Banks in Malaysia are in for a challenging year. In its recent 2003 market Outlook Strategy report, RHB Research Institute maintains a "neutral" weighting on the sector and has forecast an anaemic 9 per cent growth in net banking profits for financial year 2003. The research house gives its outlook on the sector.
THE banks’ biggest challenge in 2003 is to sustain operating profitability against a backdrop of stagnating to declining top-line revenue. Loan growth is modest but net interest margins (NIM) are under further pressure. Cost management becomes crucial in sustaining operating profits as revenue base comes under intense pressure.
On a more positive note, the banking system's non-performing loans (NPL) have moderated since the first quarter of last year and are projected to improve in 2003.
Hence, lower loan loss provisioning (LLP) ahead remains the primary driver of earnings growth this year, similar to the scenario in 2002, but the difference being the magnitude of reduction in LLP.
The challenging operating environment ahead will feature loan growth of 5 to 6 per cent per annum. This will be amidst continuing disintermediation in the banking system as corporate borrowers tap the debt market for their long-term funding requirements.
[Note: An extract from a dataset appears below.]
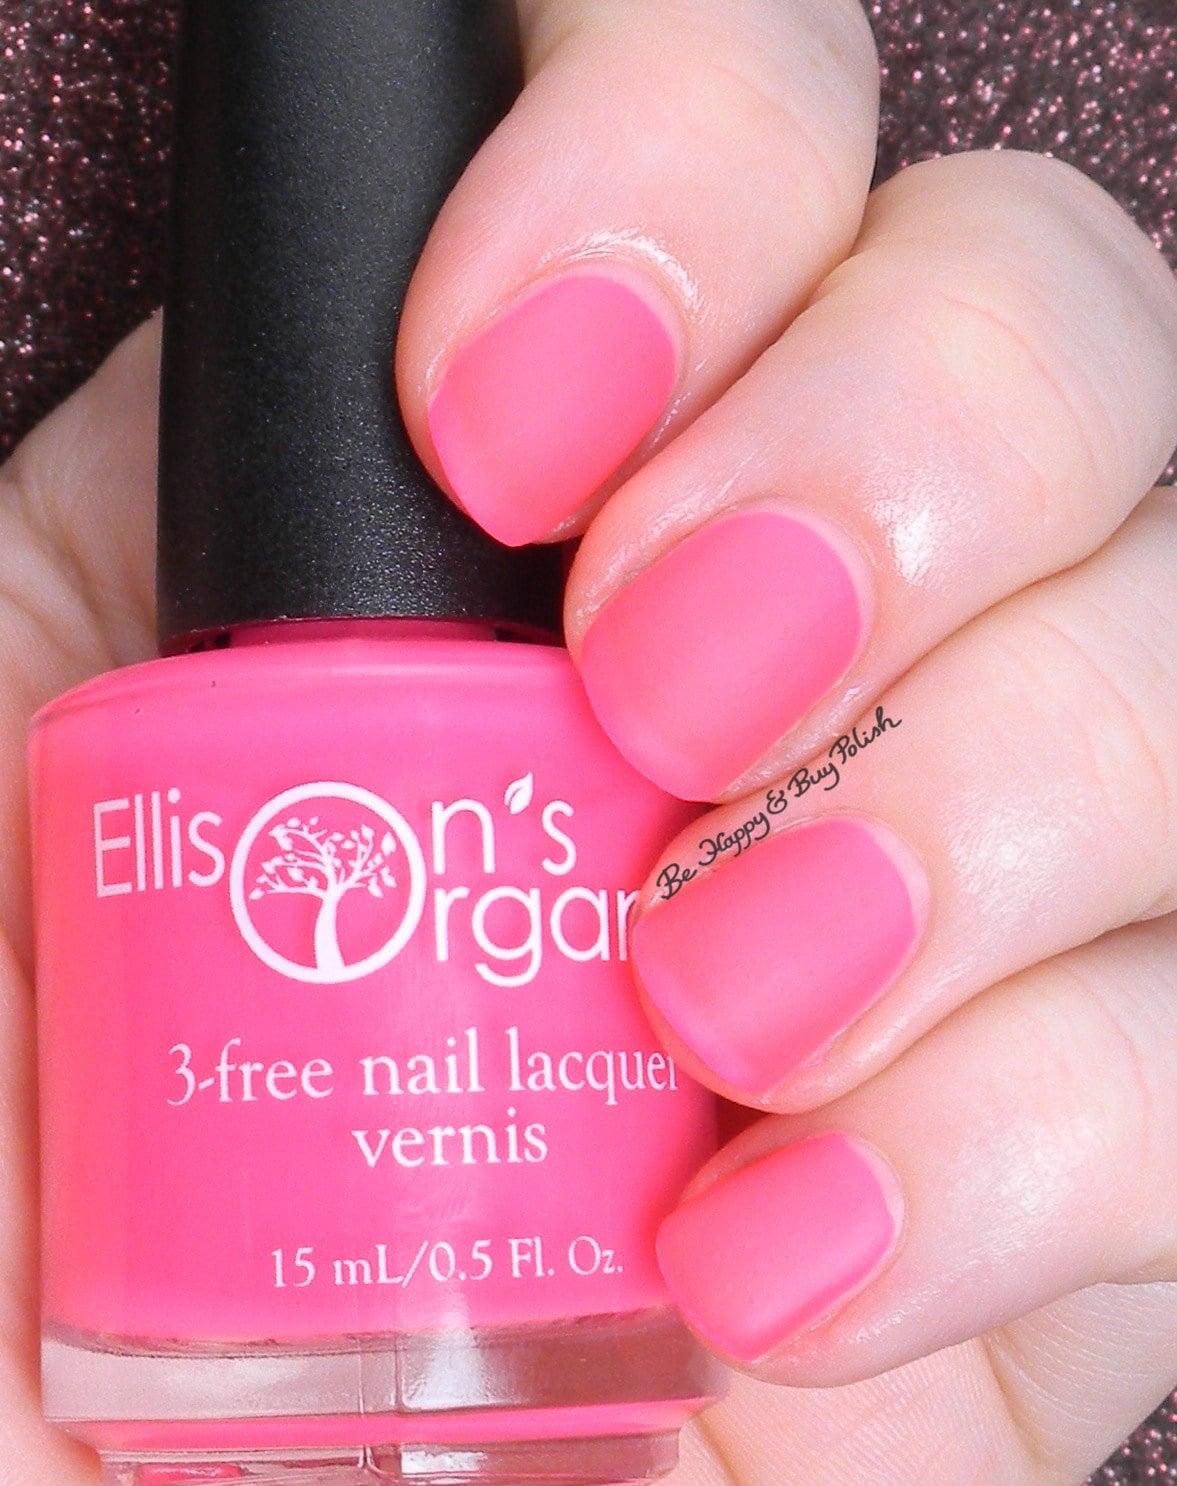 MATTE Neon Pink Nail Polish - Glow in the Dark Nail Polish - Matte ...

Relative strength in new loan growth remains within the residential property and personal consumption sub-sectors. We expect some pick-up in new lending to the manufacturing sector.
Average NIM of listed banks narrowed from 3.2 per cent in 2000 to 3 per cent in 2001 and 2.9 per cent in 2002, and is projected to compress to 2.7 per cent in 2003.
One reason for the sharper erosion in NIM is the competitive pricing on new housing and hire purchase loans as banks jostle for business volume and market share.
Another factor is the realignment of finance company’s base lending rate (BLR) (7.4 per cent) with bank-based BLR (6.4 per cent) following the mergers of banks and finance companies, which are expected to take place in the second half of the year. There could be some relief, by way of a one-year grace period to implement the BLR realignment.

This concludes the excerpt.